Option 3: Purchase Code Signing Certificate

Best for: Commercial applications with many users.

Steps:

  1. Purchase a code signing certificate from:

  2. Generate certificate signing request (CSR)

  3. Receive signed certificate

  4. Convert to PEM format if needed

  5. Update your keys

Cost: $200-$500/year

Pros:

  • ✅ Fully trusted
  • ✅ Professional
  • ✅ No warnings ever
  • ✅ Best for commercial products

Cons:

  • ❌ Expensive
  • ❌ Annual renewal

Option 4: Self-Signed Certificate with User Instructions (Current Setup)

Best for: Small deployments where you can guide users.

Status: This is what you have now.

User Instructions:

When QZ Tray shows "untrusted certificate":

  1. First time setup:

    • Click "Advanced" or "Show Details"
    • Click "Allow this website"
    • Check "Remember this decision"

  2. Permanent trust (recommended for your business):

    • Create override file at C:\Users\<Username>\.qz\override.crt
    • Copy the public key from server/public-key.pem into this file
    • Restart QZ Tray
    • No more warnings!

Pros:

  • ✅ Free
  • ✅ Full control
  • ✅ Works immediately with override file

Cons:

  • ❌ Shows warning to users initially
  • ❌ Requires manual trust configuration

Recommended Approach

For your current situation (local business with Let's Encrypt SSL):

  1. Keep current setup with the override fix I just applied
  2. Create override.crt files on all your POS terminals: 
    # Run this on each Windows terminal
$overridePath = "$env:USERPROFILE\.qz"
New-Item -ItemType Directory -Force -Path $overridePath
Copy-Item "server\public-key.pem" "$overridePath\override.crt"
  3. Restart QZ Tray on each terminal
  4. ✅ Done!
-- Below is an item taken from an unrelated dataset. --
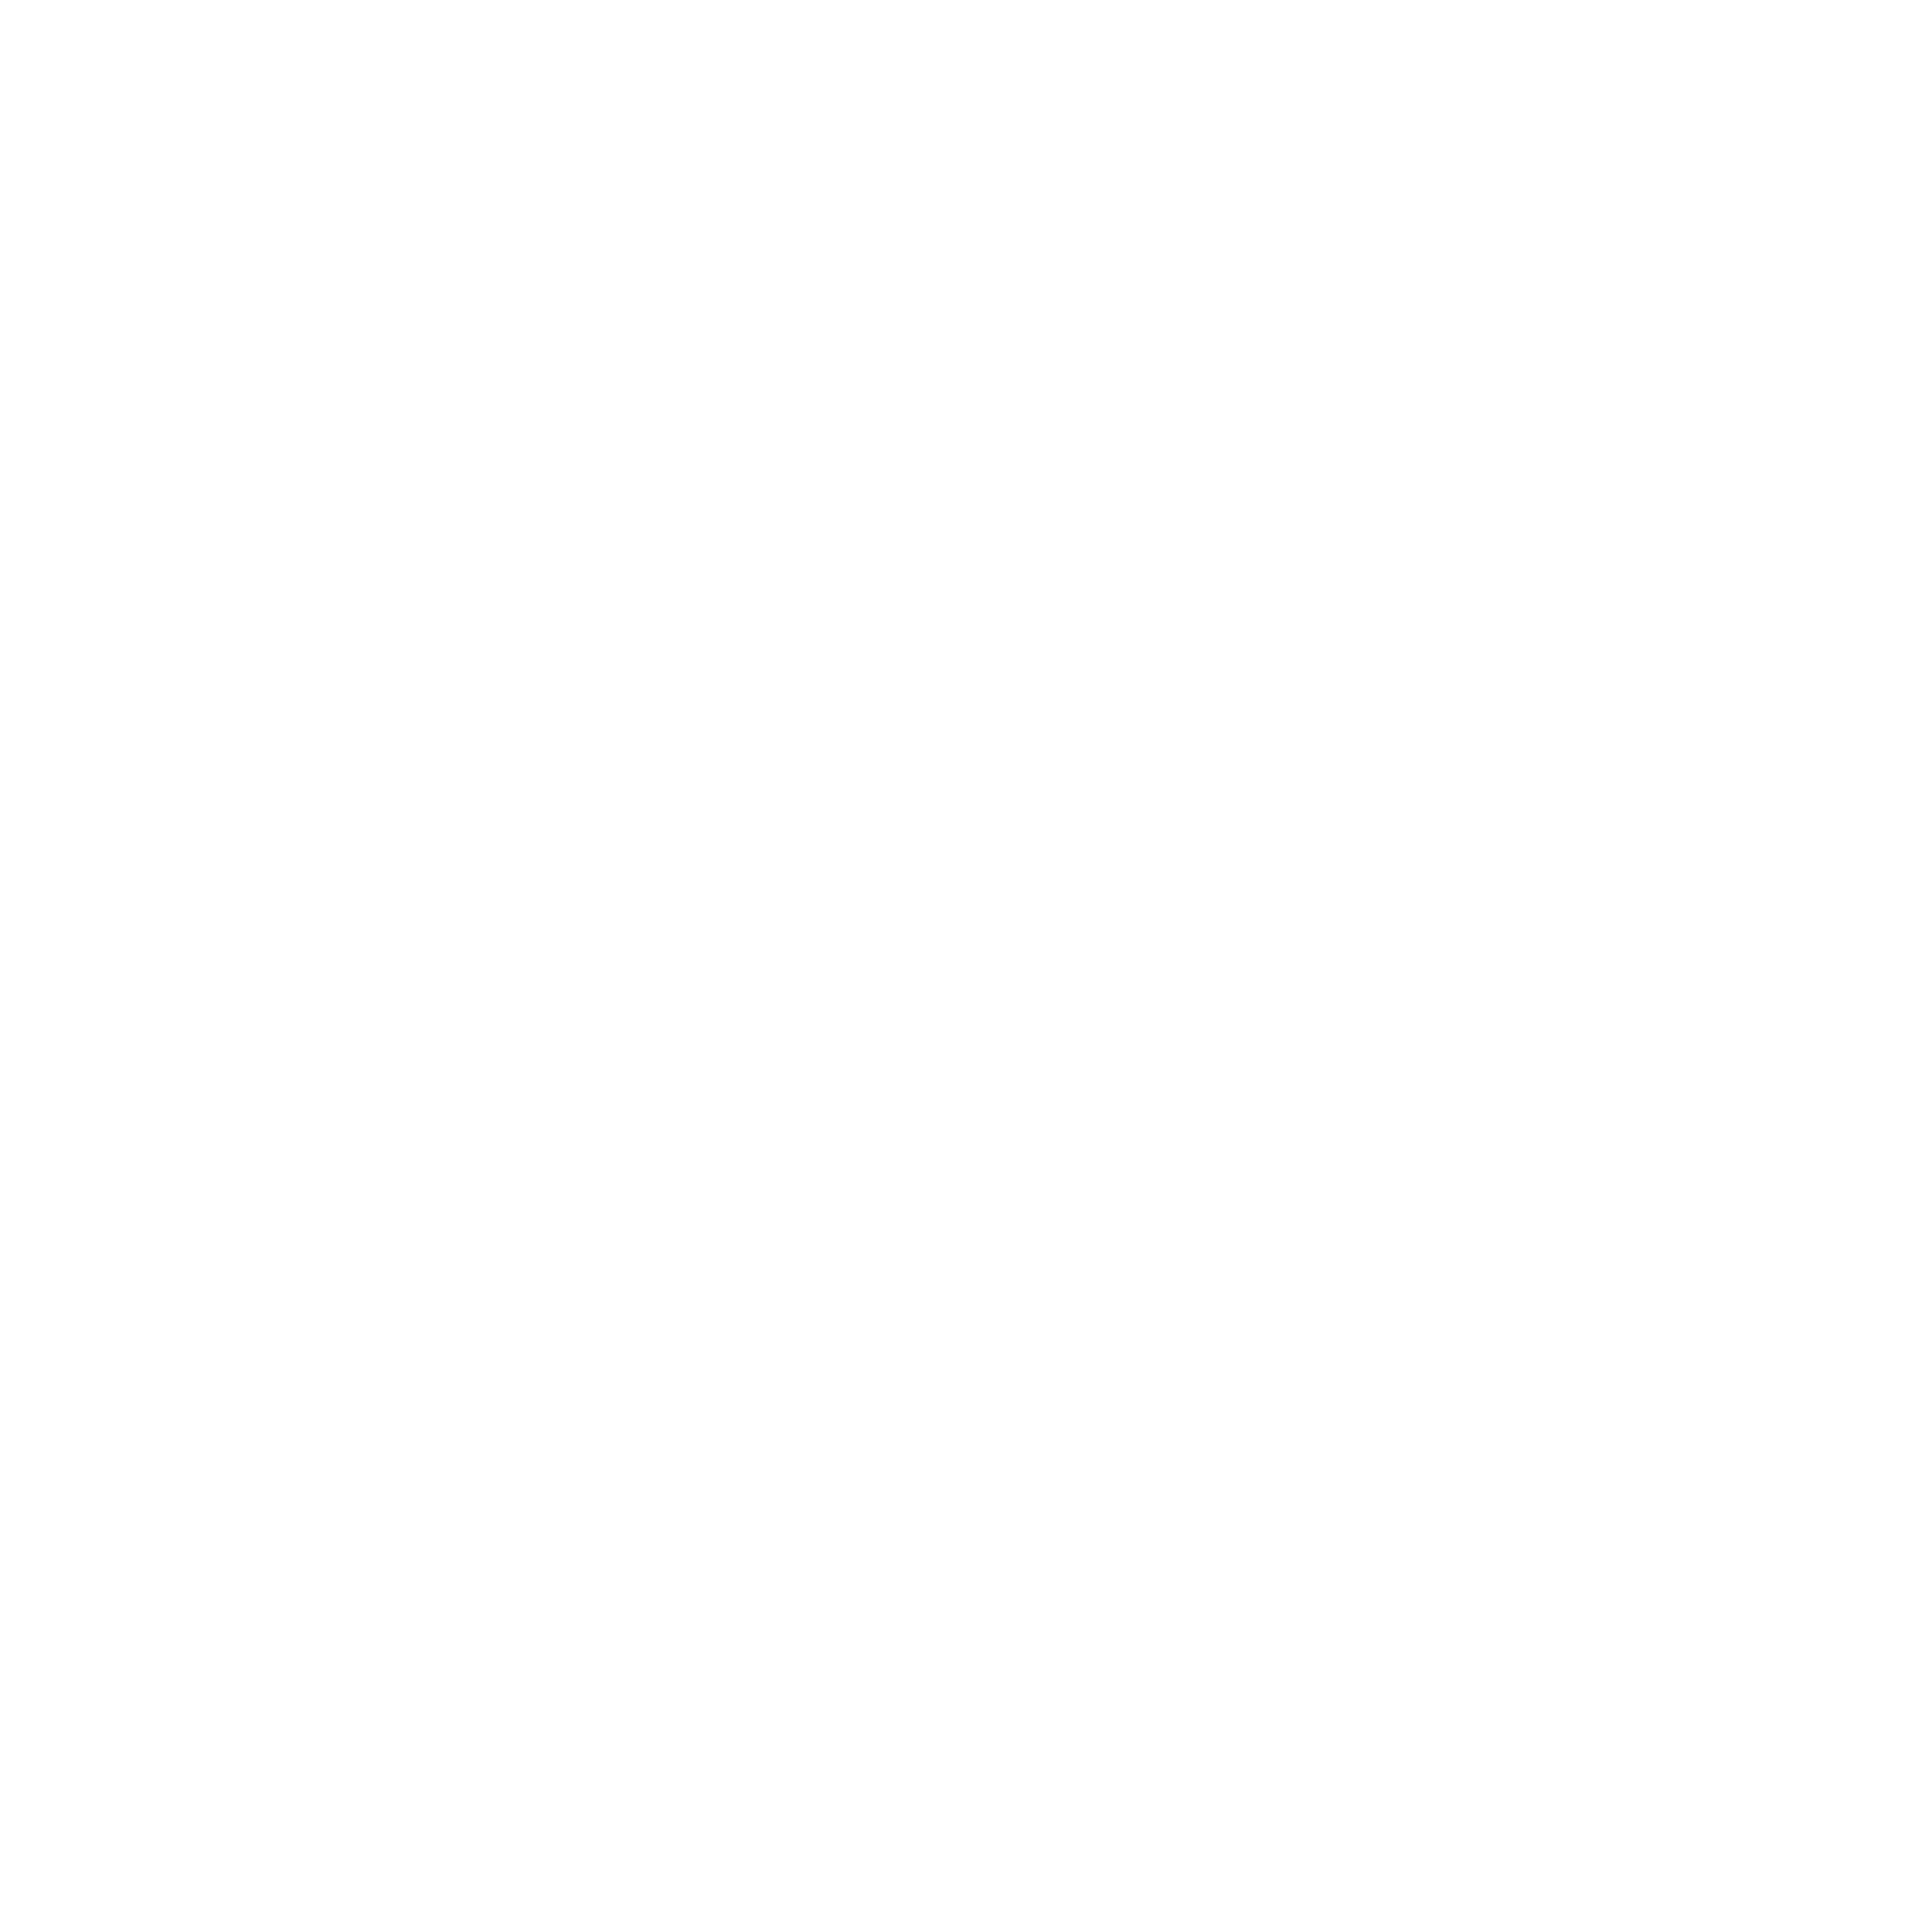 m4 logo

No more warnings

For future (if scaling to multiple locations):

  • Consider QZ Tray's free community certificate
  • Or purchase a code signing certificate if budget allows

Testing Your Setup

After applying the fix:

  1. Open your POS app in the browser

  2. Try to print a receipt

  3. Check QZ Tray icon in system tray:

    • Green = Connected and trusted ✅
    • Yellow/Orange = Connected but warning ⚠️
    • Red = Not connected ❌

  4. Console logs (F12 → Console):

    QZ Tray certificate and signature configured
QZ Tray connected
Signature received from backend

Troubleshooting

"Certificate not trusted" persists

  • Create override.crt file (see above)
  • Restart QZ Tray application
  • Clear browser cache

"Failed to sign request"

  • Check server/private-key.pem exists
  • Verify /api/sign endpoint is working: 
    POST https://your-domain.com/api/sign
Body: { "toSign": "test" }
Should return: { "signature": "..." }

"QZ Tray not responding"

  • Ensure QZ Tray is running (check system tray)
  • Check firewall allows localhost:8182 and 8181
  • Try: https://localhost:8182/

Files Reference

File Purpose Location
private-key.pem Signs requests (server) server/private-key.pem
public-key.pem Verifies signatures (QZ) server/public-key.pem
digital-certificate.txt Public key copy (frontend) src/assets/digital-certificate.txt
override.crt User trust override ~/.qz/override.crt

Current Status

QZ Tray service updated with SHA512 signature algorithm ✅ Self-signed certificate configured and working ⚠️ May show warning on first use (expected with self-signed) 💡 Use override.crt to remove warning permanently

Your Let's Encrypt certificate is not the issue - it's working perfectly for HTTPS. The QZ Tray certificate is separate and only affects printer communication.